In Cassandra Lunch #57: Using Secondary Indexes in Cassandra, guest speaker Anil Mittana presented on using Secondary Indexes in Cassandra. This blog post is to give an overview of the presentation. The live recording of Cassandra Lunch, which includes a more in-depth discussion and a demo, is embedded below in case you were not able to attend live. If you would like to attend Apache Cassandra Lunch live, it is hosted every Wednesday at 12 PM EST. Register here now!
Secondary Indexes in Cassandra
In this blog post, we will be writing an overview of the presentation given by Anil Mittana covering secondary indexes in Cassandra.
Query First Approach
In Cassandra, tables are created with the intention of facilitating future queries. For example, the following command in CQL would create a Table with the intention of querying for a rating by movie title. We won’t dive into the details here as this blog post is intended to be about the secondary indexes.
Secondary Indexes are meant to help facilitate queries on columns in a table that are not a part of the primary key. However, they can cause performance issues, especially if a query needs to access multiple nodes, and should be applied carefully. They should only be used on columns or tables that have low cardinality, do not contain a counter, are infrequently updated, or tables that do not have large partitions.
How Cassandra Stores an Index
When indexes are created, a hidden table is created in a background process. To query a secondary index the partition key and secondary index column should be included in order to be successful. By including the partition key and the secondary index column only one node will need to be queried.
Distributed Index vs. Local Index
Tables and materialized views are examples of distributed indexing. A table or view data structure is distributed across all nodes in a cluster based on a partition key. When retrieving data using a partition key, Cassandra knows exactly which replica nodes may contain the result. For example, given a 100-node cluster with the replication factor of 5, at most 5 replica nodes and 1 coordinator node are needed to participate in a query.
In contrast, secondary indexes are examples of local indexing. A secondary index is represented by many independent data structures that index data stored on each node. When retrieving data using only an indexed column, Cassandra has no way to determine which nodes may have necessary data and has to query all nodes in a cluster. For example, given a 100-node cluster with any replication factor, all 100 nodes have to search their local index data structures. This does not scale well.
Write and Read paths of Secondary Indexes
Whenever a mutation, writing to a table, is applied to a base table in memory (memtable), it is dispatched as notification to all registered indices on this table so that each index implementation can apply the necessary processing. Index memtable and base memtable will generally be flushed to SSTables at the same time but there is no strong guarantee of this behavior. Once flushed to disk, index data will have a different life-cycle than base data e.g. the index table may be compacted independently of base table compaction.

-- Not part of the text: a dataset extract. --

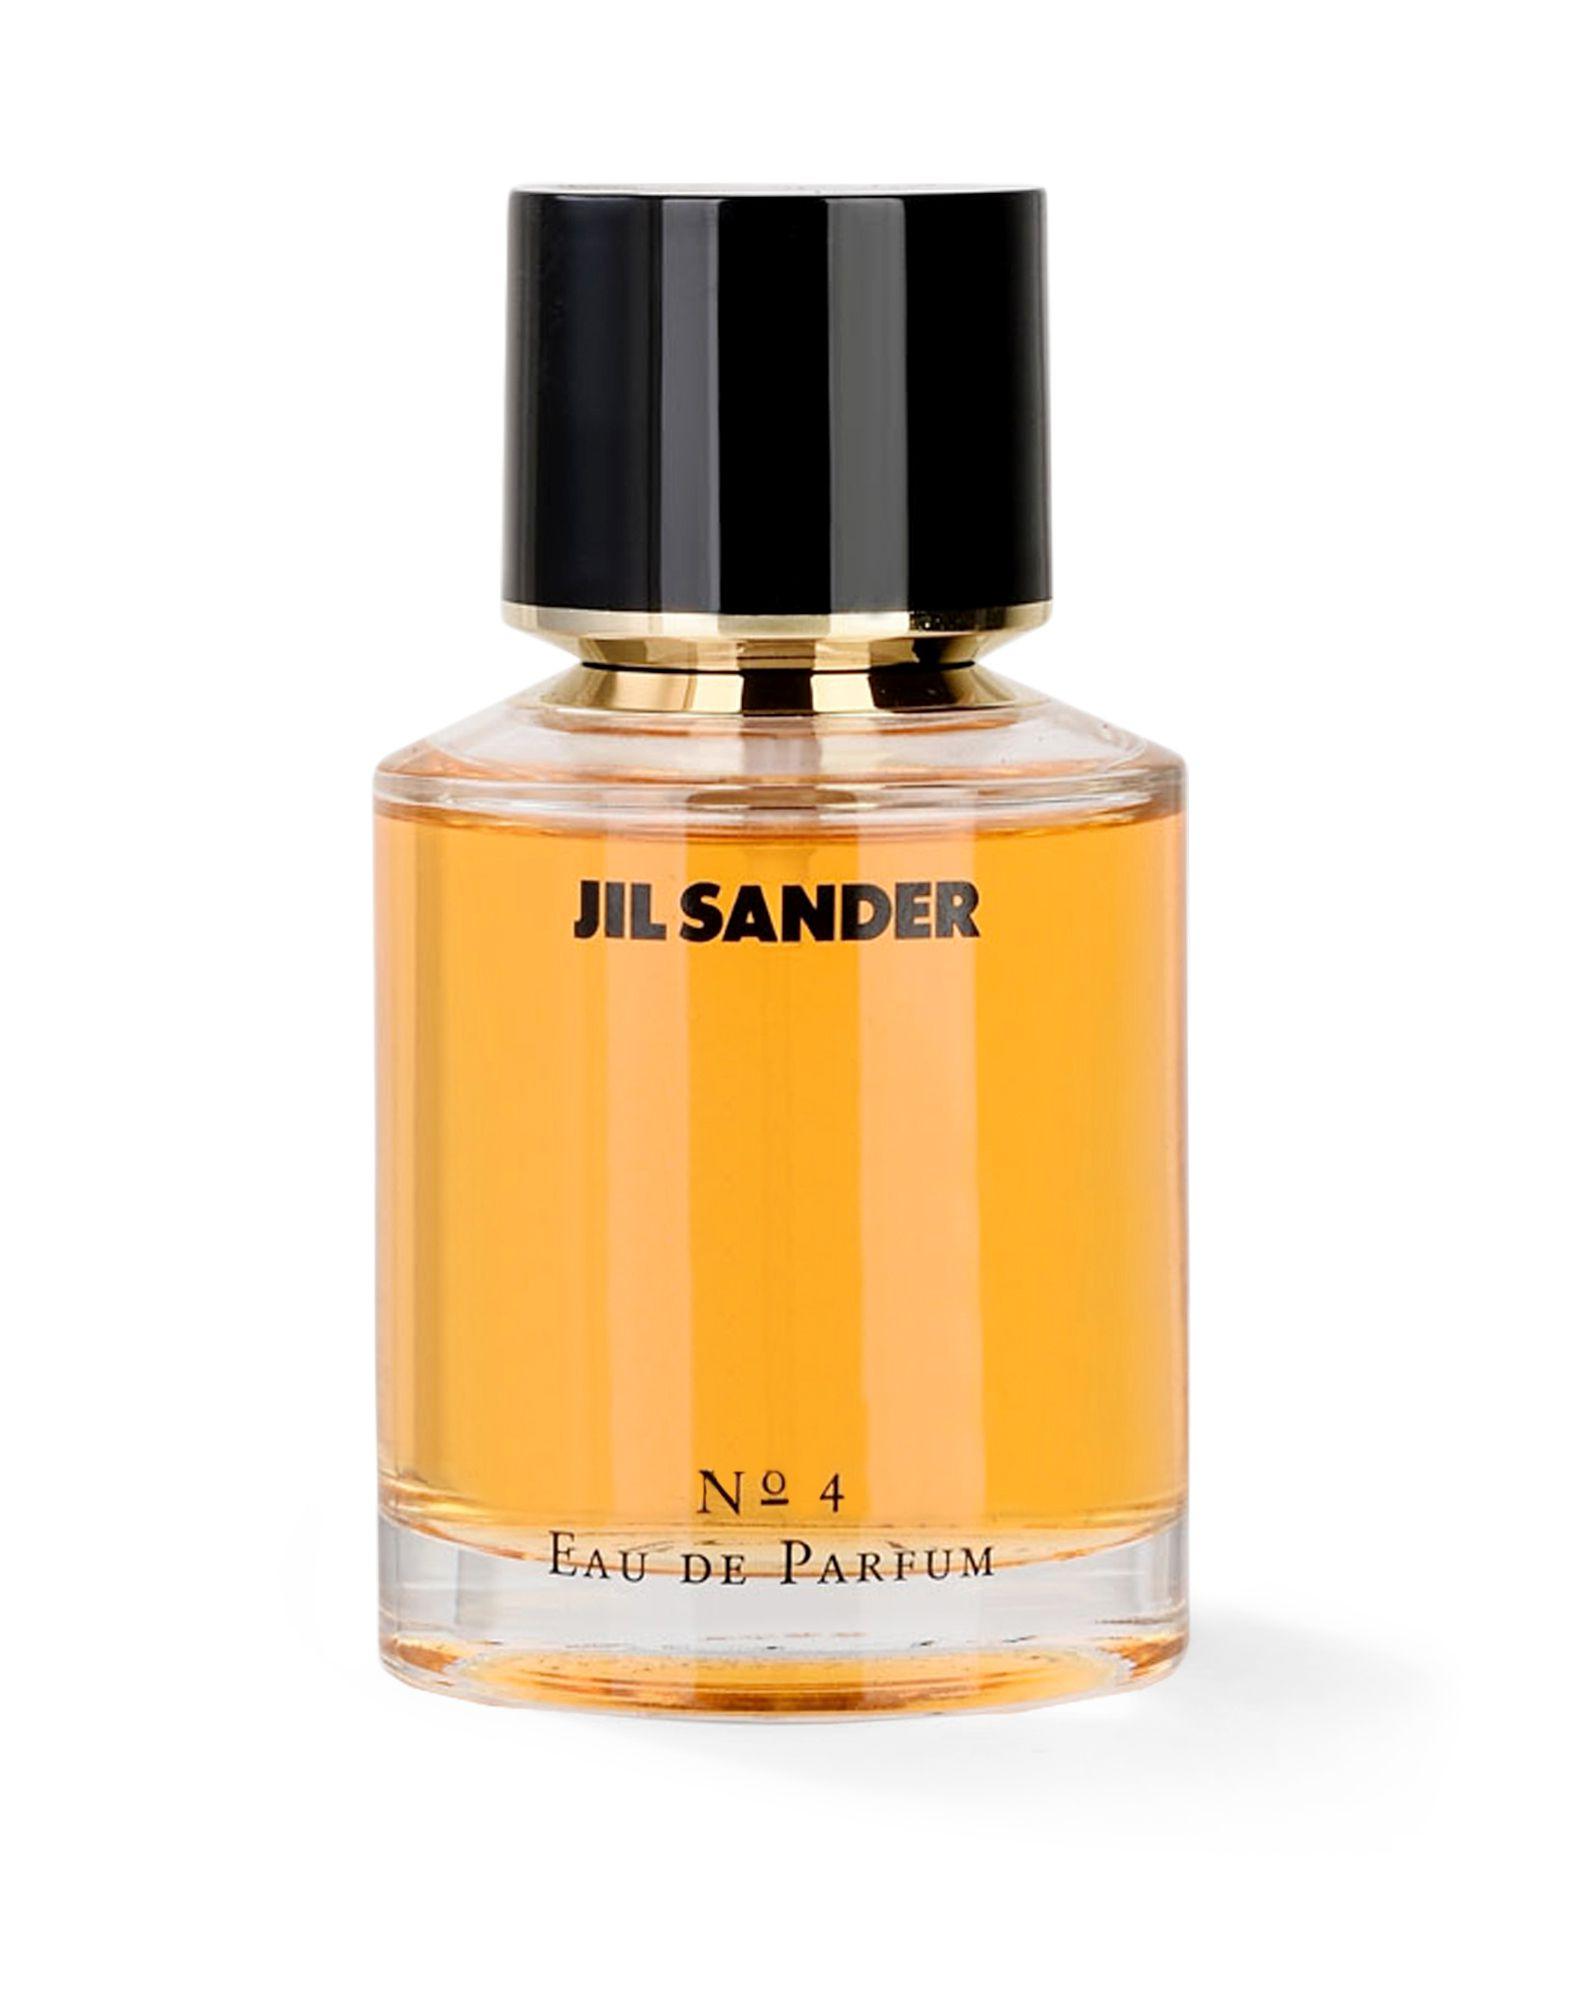 JIL SANDER N°4 - JIL SANDER Online Store

The local read path for native secondary index is quite straightforward. First Cassandra reads the index table to retrieve the primary key of all matching rows and for each of them, it will read the original table to fetch out the data.
Restricting the query to a single server.
All secondary index implementations work best when Cassandra can narrow down the number of nodes to query
Secondary indexes can be very helpful in analytics workloads (Spark batch jobs) where you don’t have an SLA that’s measured in milliseconds.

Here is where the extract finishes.